Thanks in advance for any thoughts on WorldMark.


----------



## TUGBrian (Jul 18, 2017)

moved to the WM forum fory you!

you can find a number of worldmark resales in th emarketplace...but they are listed under "points"!


----------



## VacationForever (Jul 18, 2017)

If you only want to stay for 3 to 4 days, then 5K is enough.  I do believe the "best" number of points for a newbie is 10K.  The going rate for resale is 30 cents to 40 cents per point, the higher price for a fully loaded contract.  With a Worldmark account, there are lots off non points booking that you can do, under FAX time, Monday Madness etc.

You should get educated on wmowners.com.  You will find lots of resale listed there by owners too.


----------



## bbodb1 (Jul 18, 2017)

TUGBrian said:


> moved to the WM forum fory you!
> 
> you can find a number of worldmark resales in th emarketplace...but they are listed under "points"!



Thank you, Brian.  I could not see this forum as I am writing this on a portable device (not my usual posting method).


----------



## bbodb1 (Jul 18, 2017)

VacationForever said:


> If you only want to stay for 3 to 4 days, then 5K is enough.  I do believe the "best" number of points for a newbie is 10K.  The going rate for resale is 30 cents to 40 cents per point, the higher price for a fully loaded contract.  With a Worldmark account, there are lots off non points booking that you can do, under FAX time, Monday Madness etc.
> 
> You should get educated on wmowners.com.  You will find lots of resale listed there by owners too.



Thank you VacationForever - I will check that resource out!


----------



## alwysonvac (Jul 18, 2017)

VacationForever said:


> You should get educated on wmowners.com.  You will find lots of resale listed there by owners too.



From wmowners.com
WM Resale Brokers - https://wmowners.com/forum/viewtopic.php?f=71&t=45426
"Membership for Sale" forum -  https://wmowners.com/forum/viewforum.php?f=71


----------



## sue1947 (Jul 18, 2017)

bbodb1 said:


> Also, I was told I could do a lot in the WorldMark system with as little as 5K points because I could leverage my Wyndham points here too.  Is this correct?
> 
> Thanks in advance for any thoughts on WorldMark.



It's best to assume most of what the sales people tell you is a lie.  Leveraging your Wyndham points within a WM account isn't happening.  The only connection is via using Club Pass and that is costly both in credits and money. If you already own Wyndham and can book in that system, then you don't need to book Wyndham via WM.  If you have developer points in Wyndham and can book via Club Pass then adding the additional MF for WM may not be worth it.  

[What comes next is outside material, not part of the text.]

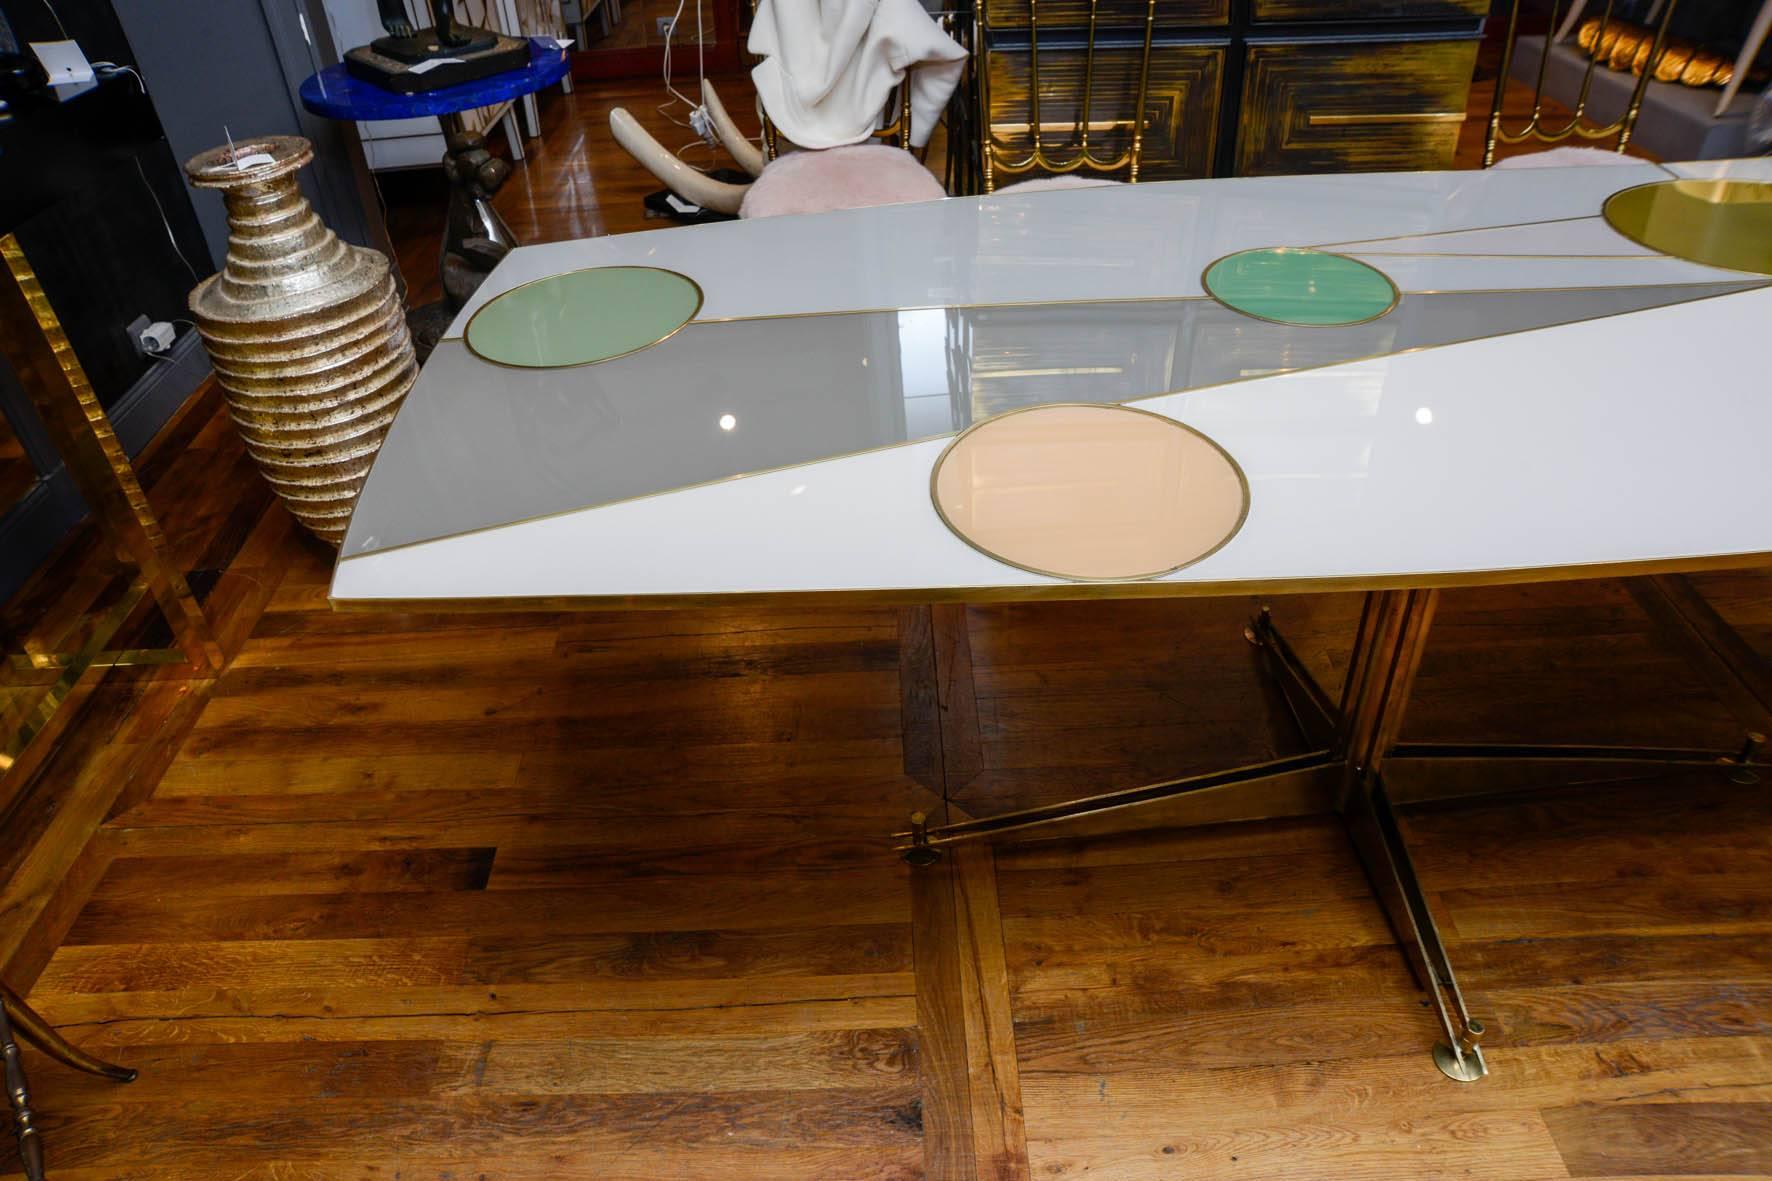 Dining room table with a vintage brass basement and a customized mirror top with brass fillets laid.
Unique piece.

For information on WM, the best source is wmowners.com/forum

Sue


----------



## VacationForever (Jul 18, 2017)

The issue is that Club Pass can only book WM at 10 months out.  The high demand WM locations (and seasons) get booked at 13 months out.  If you want to book WM, then buying a small number like 10K should get you access to WM locations at 13 months.  10K gets 1 week in a 2BR at most WM locations in the red season.  MF is a little under $800 per year.


----------



## bbodb1 (Jul 18, 2017)

sue1947 said:


> It's best to assume most of what the sales people tell you is a lie.  Leveraging your Wyndham points within a WM account isn't happening.  The only connection is via using Club Pass and that is costly both in credits and money. If you already own Wyndham and can book in that system, then you don't need to book Wyndham via WM.  If you have developer points in Wyndham and can book via Club Pass then adding the additional MF for WM may not be worth it.
> 
> For information on WM, the best source is wmowners.com/forum
> 
> Sue



Thank you, Sue and I should have provided some additional background with my initial post - allow me to do that now.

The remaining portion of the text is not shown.